I get that there's some technical challenges that would need to be solved for those tracking links to be stripped out by lemmy itself but I'm just annoyed by a nerd saying uhhhh excuse me you used a youtube link instead of some dodgy YouTube frontend that will disappear in a year, or how dare you use a twitter link instead of some twitter proxy that will shut down in 3 months.

Like why not spend the coding time actually fixing the issue instead of just annoying people

[–] [email protected] 16 points 1 month ago (1 children)

It's not about a frontend, we have that already in HexReplyBot. It's about removing a parameter tacked on at the end in your YouTube/Instagram/TikTok links.

[–] [email protected] 3 points 1 month ago* (last edited 1 month ago) (1 children)

It's the same technique. A bot that just replies with 'oh sweaty you should have done something different'

One complains about YouTube or X links and other complains about tracking info in URLs.

It's annoying and instead there should be code in Lemmy that does the URL sanitizing

[–] [email protected] 1 points 1 month ago* (last edited 1 month ago)

I agree with you. Seems like there's an active issue in Lemmy for this, so it'll get implemented eventually. Then it'll take a while for Hexbear to update.

[–] [email protected] 13 points 1 month ago* (last edited 1 month ago)

Sharing the wrong TikTok link can and has doxed users before, and some users have unsafe living situations if they got doxed.

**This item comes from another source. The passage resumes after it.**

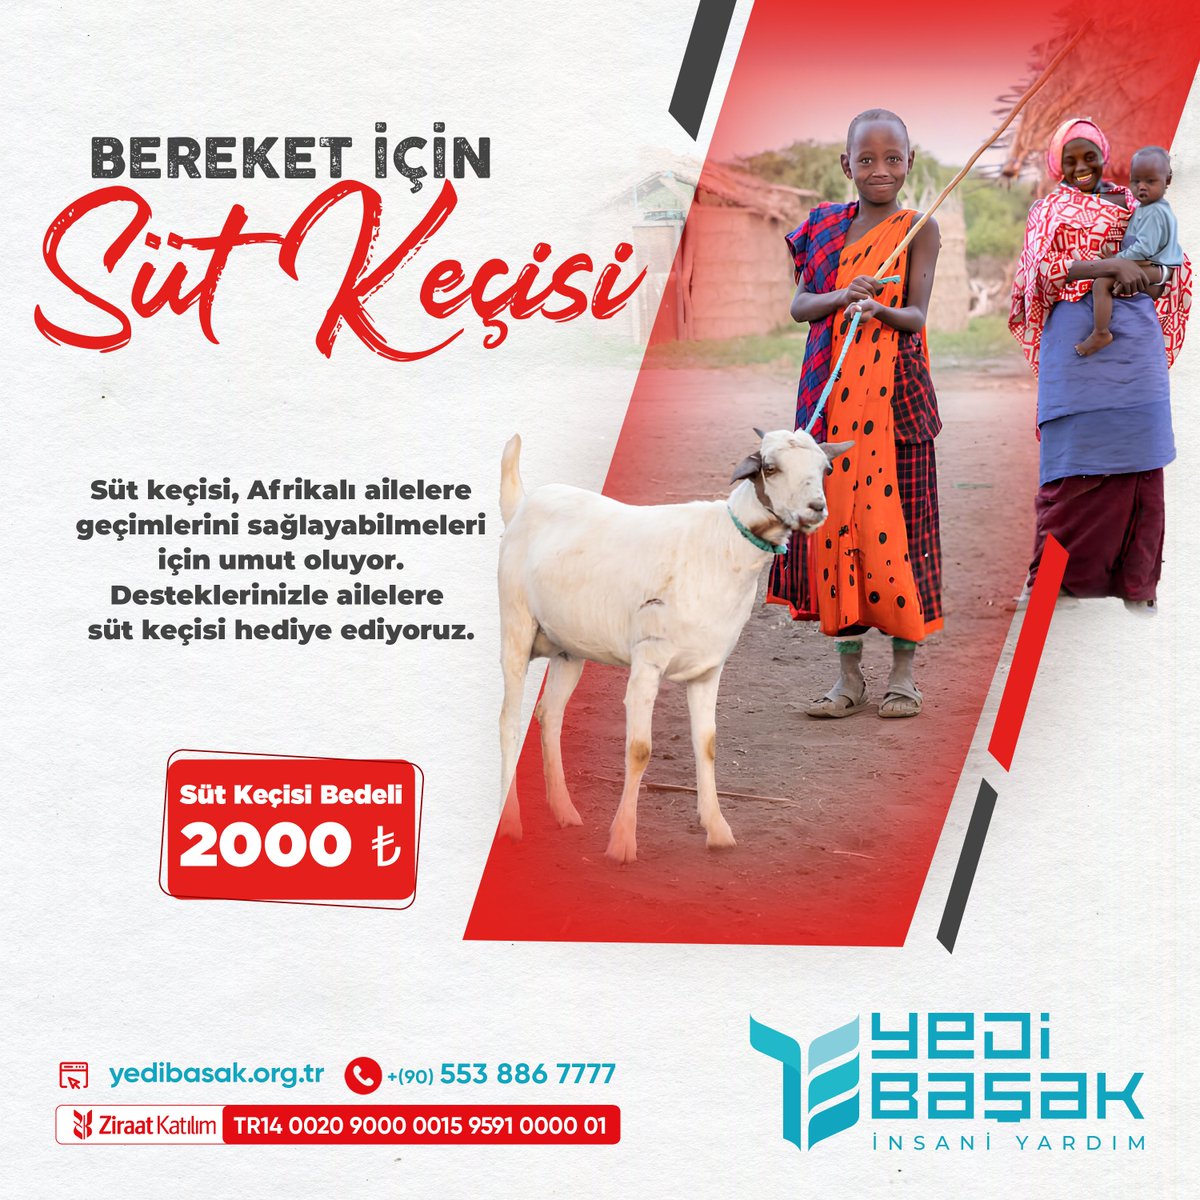 BEREKET İÇİN SÜT KEÇİSİ Süt keçisi, Afrikalı ailelere geçimlerini sağlayabilmeleri için umut oluyor. Desteklerinizle ailelere süt keçisi hediye ediyoruz. Hesap Adı: Yedi Başak İnsani Yardım Derneği IBAN No: TR14 0020 9000 0015 9591 0000 01 🌐 Online: bagis.yedibasak.org.tr/bagis/sutkecisi

uhhhh excuse me you used a youtube link instead of some dodgy YouTube frontend that will disappear in a year

You fundamentally do not understand what this post is talking about.

[–] [email protected] 12 points 1 month ago

Comrade, operational security is what this post is about, not anticapitalist frontends for media services. TikTok will dox you if you are not careful.